He had been waiting throughout the interminable reaches of the night. He had kept vigil, concentrating on the inner core that would bring quiet to his soul, would clear his head of the extraneous tendrils of panic so that he could do what he had to without the interference of his nightmare imaginings.
He broke his fast and went out into the city, accompanied by men of his retinue, ostensibly to examine the merchandise in the marketplace, to talk with the vendors of leather, silks, and satins, of Venetian glassware and the fine porcelain of the Orient. Their Majesties must not find him straining at the bit, desperately awaiting their summons. So he spent an hour in the dark shop of one who sold illustrated manuscripts, beautiful pieces of work that the caliph of Granada would buy to grace the library of the Alhambra. He examined, he gave instructions to his retinue to discuss the price of those items that interested him, and he strolled back to the palace at midmorning, to all appearances a man utterly at peace, enjoying a leisurely sojourn in this Spanish city.

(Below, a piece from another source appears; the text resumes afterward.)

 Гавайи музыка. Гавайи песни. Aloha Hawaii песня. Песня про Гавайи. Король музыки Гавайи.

A liveried flunky awaited his return. Their Majesties would do themselves the honor of receiving the lord caliph before dinner in the Great Hall.
Ferdinand and Isabella greeted their guest with ceremony. Their own councillors were present, but Abul had entered alone. The significance of this was lost on no one, as he had expected. Whatever the caliph had to say was not to be common knowledge among his own people.

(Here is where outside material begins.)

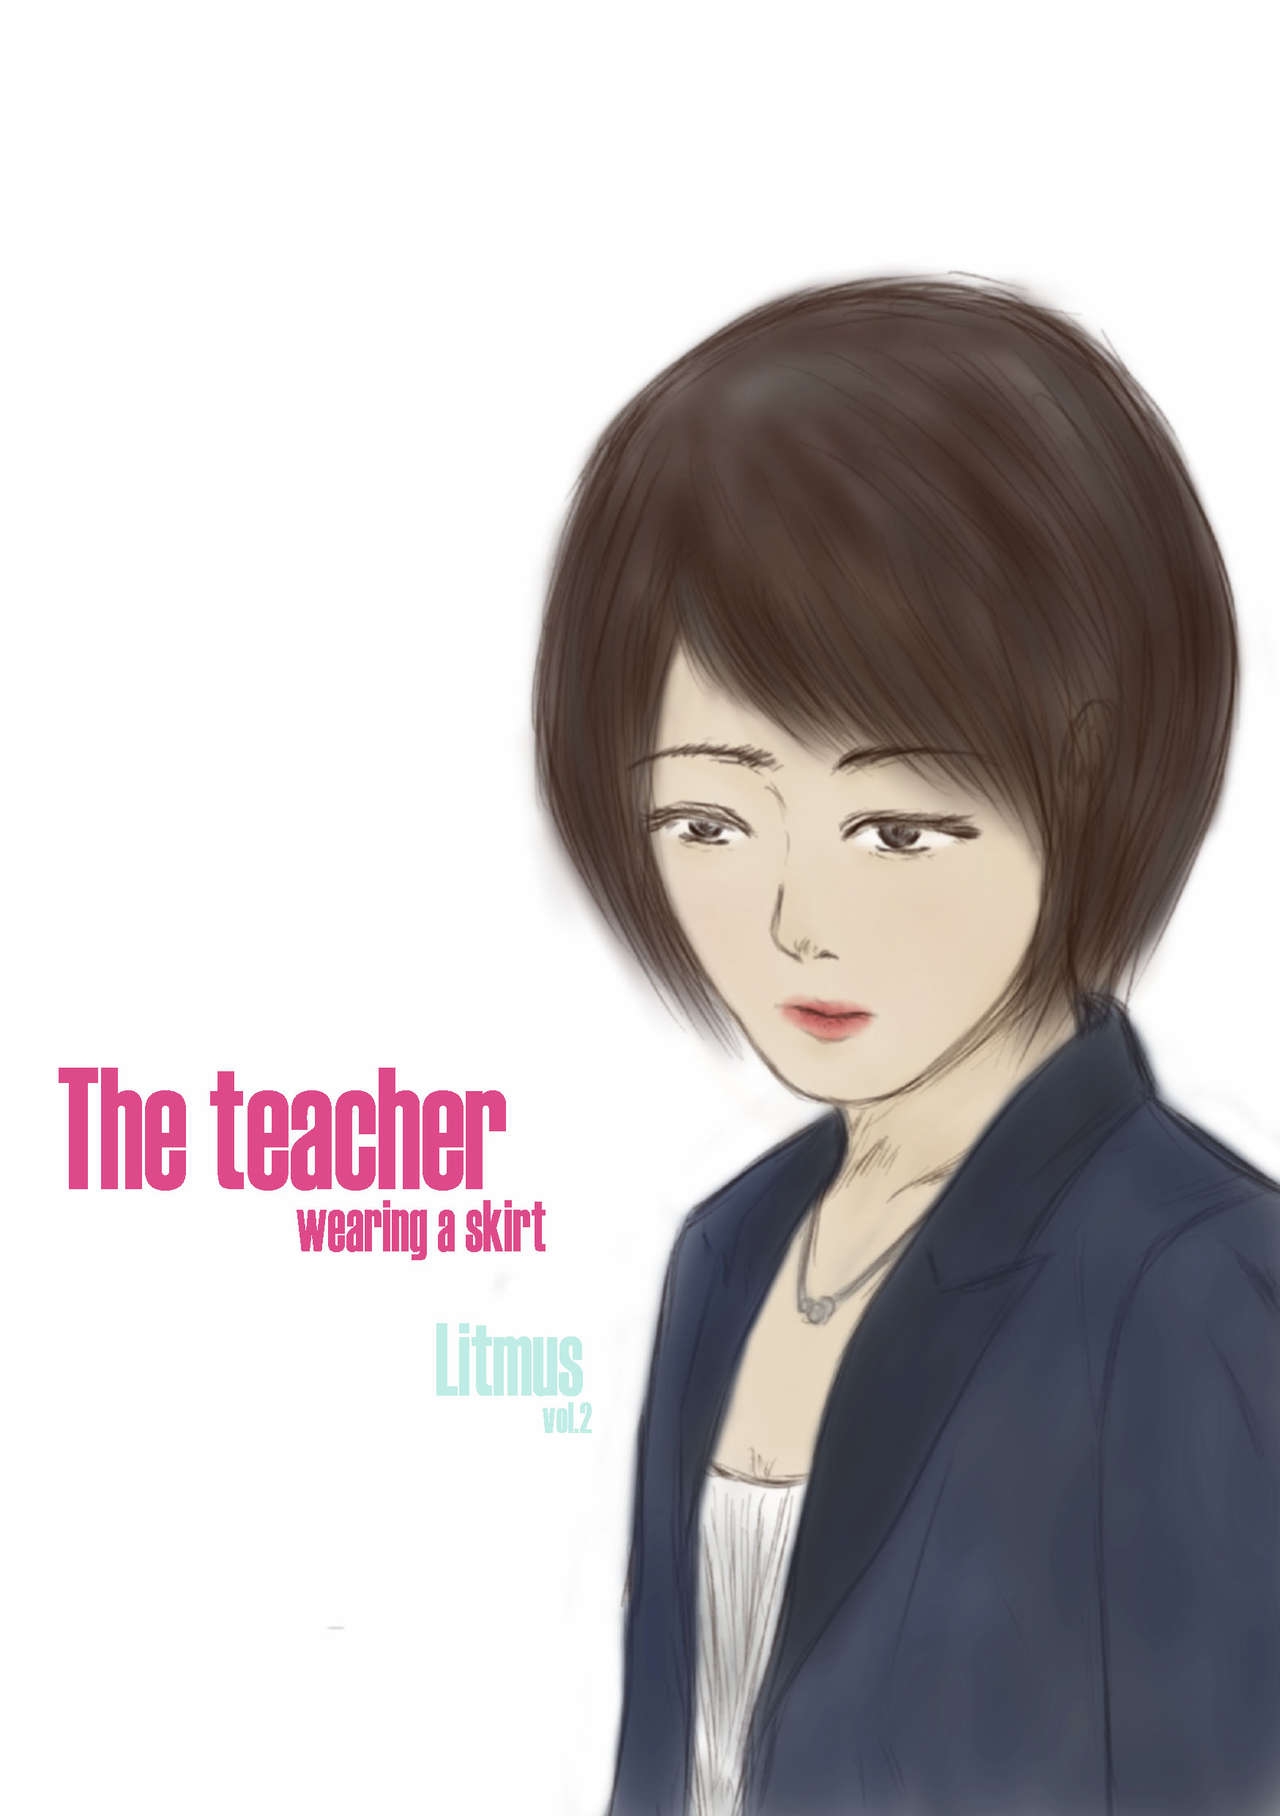 [valdam] Litmus Vol.2 - The teacher wearing a skirt [English] 0

He came straight to the point: his abdication for the life of the woman held by the Inquisition in the palace prison.
“You are direct, my lord caliph,” Ferdinand said.
“I see little virtue in being otherwise, your Majesty.” Not a hint of his inner turmoil was revealed on his face or in his posture. He sat easily in the carved armchair, his hands resting loosely on the arms.
“The woman is a heretic. She has betrayed her faith,” Isabella said. “We are concerned for her immortal soul, my lord caliph. It is the unequivocal duty of all Christians to have a care for the souls of their brethren.”
Abul inclined his head. “I honor your resolve, your Majesty. Even from my own differing religious perspective, I cannot fail to honor such piety. However, I would bargain with you for this soul.” He allowed a smile to touch his lips, as if the matter were not of such deadly serious import.
“If we release the woman, how can we be certain you will leave the Alhambra for your son?” It was Ferdinand who spoke.
He received no response, just a steady stare from the lord Abul. Ferdinand cleared his throat and turned to his wife.
Isabella gathered up her skirts and rose. “We will consider your proposal, my lord caliph. But you must understand that temporal matters are of no weight in spiritual concerns. We have our duty to do. A benighted soul to bring back to the light. We are answerable to our God.”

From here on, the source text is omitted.